Privacy and Personal Information
Kids seek privacy at certain ages and parents need to decide how much to give their kids. Monitoring software and keylogging applications are available for parents who need this extra layer of security. Cell phone carriers ofter services such as disabling the send/receive function on photographs and settings that allow parents to shut the phone off during school hours or a certain time in the evening. SafetyNet recommends keeping computers in public areas of the home, not in bedrooms or behind closed doors. If you are an online “friend” of your child you are able to view all of your child’s activity, unless they arrange their privacy settings to block you from seeing posts, friends, photos, etc. Some kids may establish a second profile that you don’t know about. Video chatting sites such as Skype have privacy settings that need to be enacted. Remind your kids that their video chats can be recorded without them knowing it.

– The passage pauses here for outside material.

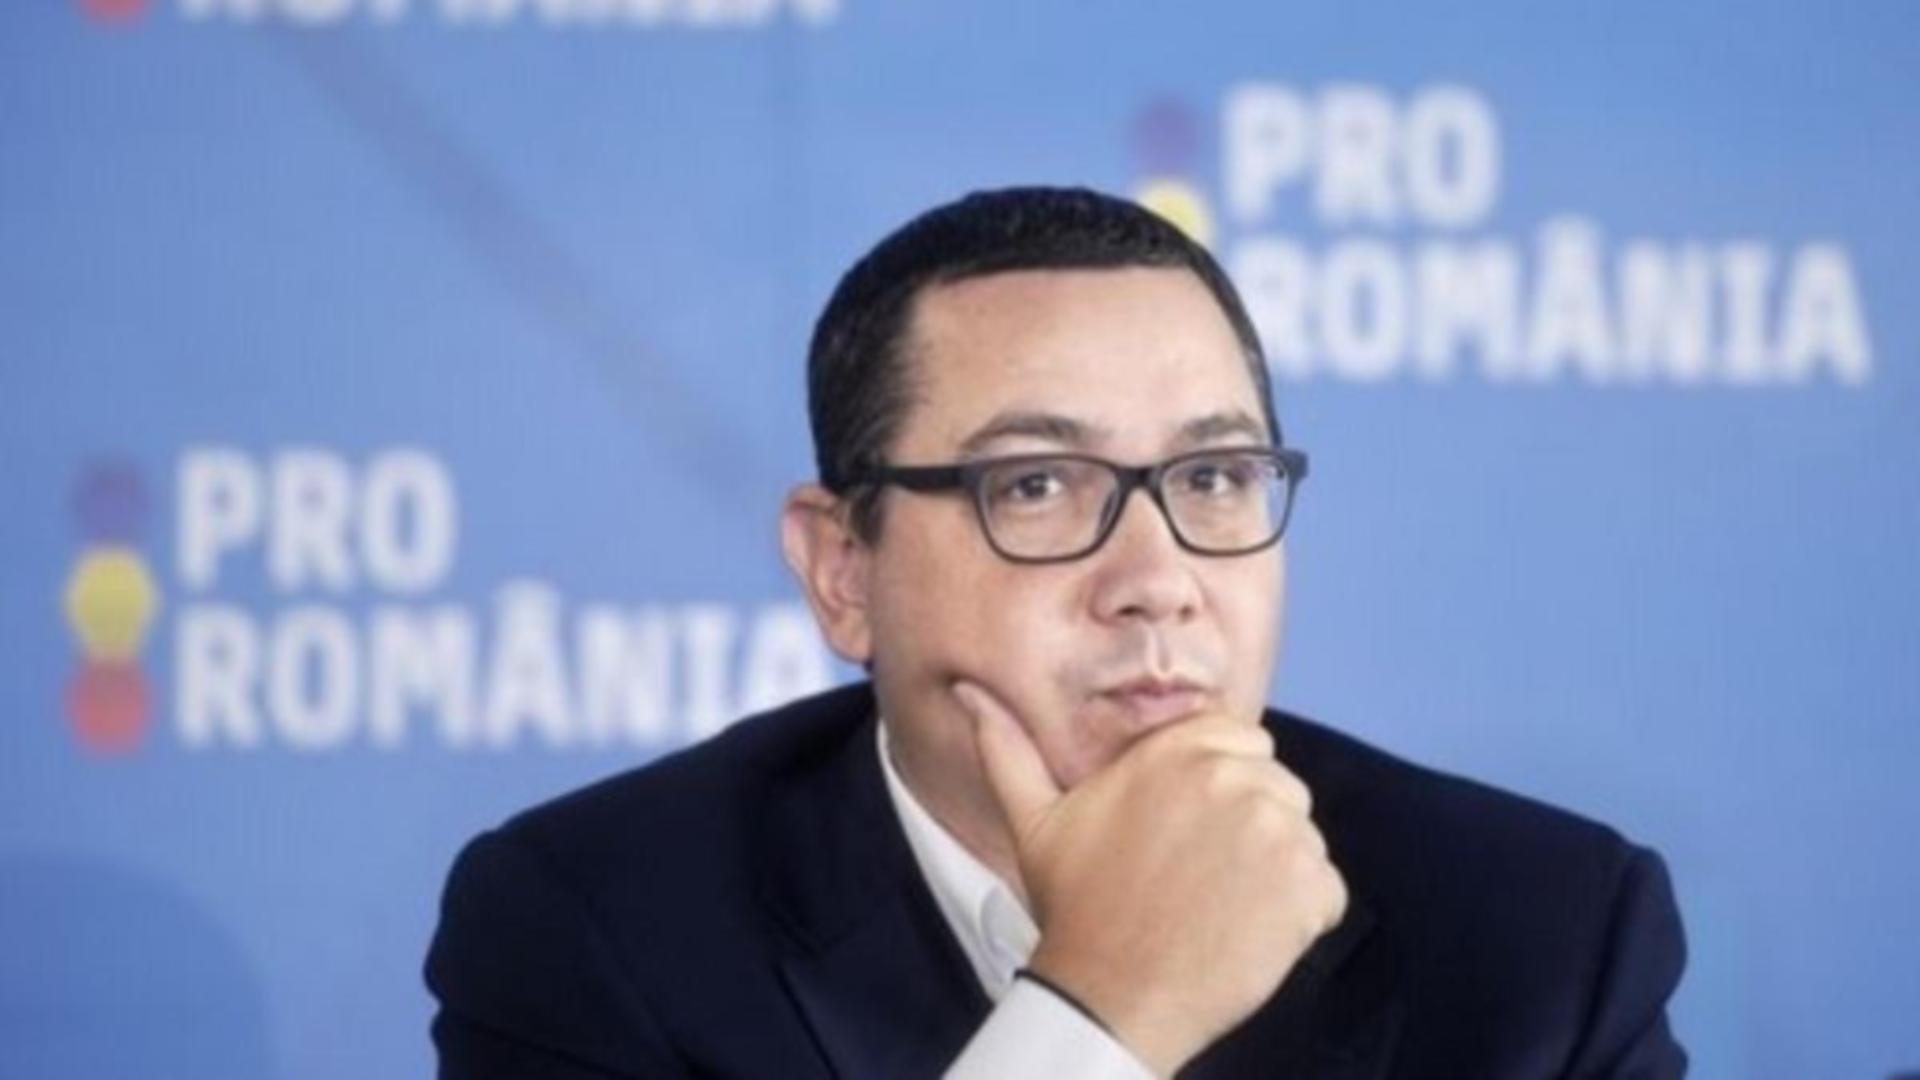 Victor Ponta aruncă în aer “sistem ocult” care vrea să guverneze. Ce spune fostul premier despre conflictul armat din Israel

TIP: Familiarize yourself with the risks. Review settings on social networking sites with your child and understand how they work.
Posting Personal Information
Sharing personal information such as age, school, favorite activities, etc., provides opportunities for strangers to become friendly with and “groom” your children. Teach your children what to keep off of the Internet: their address, phone number, school name, schedules, birth dates, social security numbers and other information that could be used to locate them or steal their identities.
Remember that information and images put on the Internet can never be completed deleted or erased.
Protect your passwords
If someone knows your password, they can access your information, alter or share it. Teach your kids how to create strong and varied passwords and to protect them. Passwords used for social networks, instant message programs and email accounts should be shared with parents but not friends.
Teens make mistakes, they get talked into doing things they may not even want to do. Talk with your kids about the types of photos that are appropriate to take and post. Research indicates that between 8%-10% of teens under 18 may take a sexually explicit or nude photograph of themselves. Depending on the photograph, it may be considered child pornography which is illegal in the United States. Remind your kids that pictures online are forever and can never be fully retrieved or deleted. If you see child pornography on or offline or hear about people who are viewing or producing it, TAKE ACTION! Report your suspicions by contacting the National Center for Missing & Exploited Children or call your local police, call 1-800-THE-LOST (1-800-843-5678) or click on this link: www.cybertipline.com
Relationships, Boundaries and Sex
Talking about relationships with your children is very important. Teaching kids about boundaries, appropriate conversations and sex becomes easier if you begin age-appropriate discussions early. The Good-Touch/Bad-Touch program is a great starting point. Books that teach kids about appropriate kinds of touch are another great way to get the conversation started.
“My Body is Private” by Linda Walvoord Girard
Evaluate adult/child one-on-one situations. Instruct your child to NEVER get together with someone without telling you, this includes family members, friends, neighbors, etc. Parents always need to know where their kids are and who they are with.
Has someone you know been victimized?
If you have any suspicions, trust your instincts. Tell someone! Don’t let your children -- or the children you know -- become victims. Contact the National Center for Missing & Exploited Children, call your local police or call 1-800-THE-LOST (1-800-843-5678) or report at www.cybertipline.com. Online dangers and activity that needs to be reported includes: anyone who sends a child photos or videos containing obscene content, anyone who speaks to a child in a sexual manner or anyone who asks a child to meet in person.
The Megan’s Law website shows where registered sexual offenders live.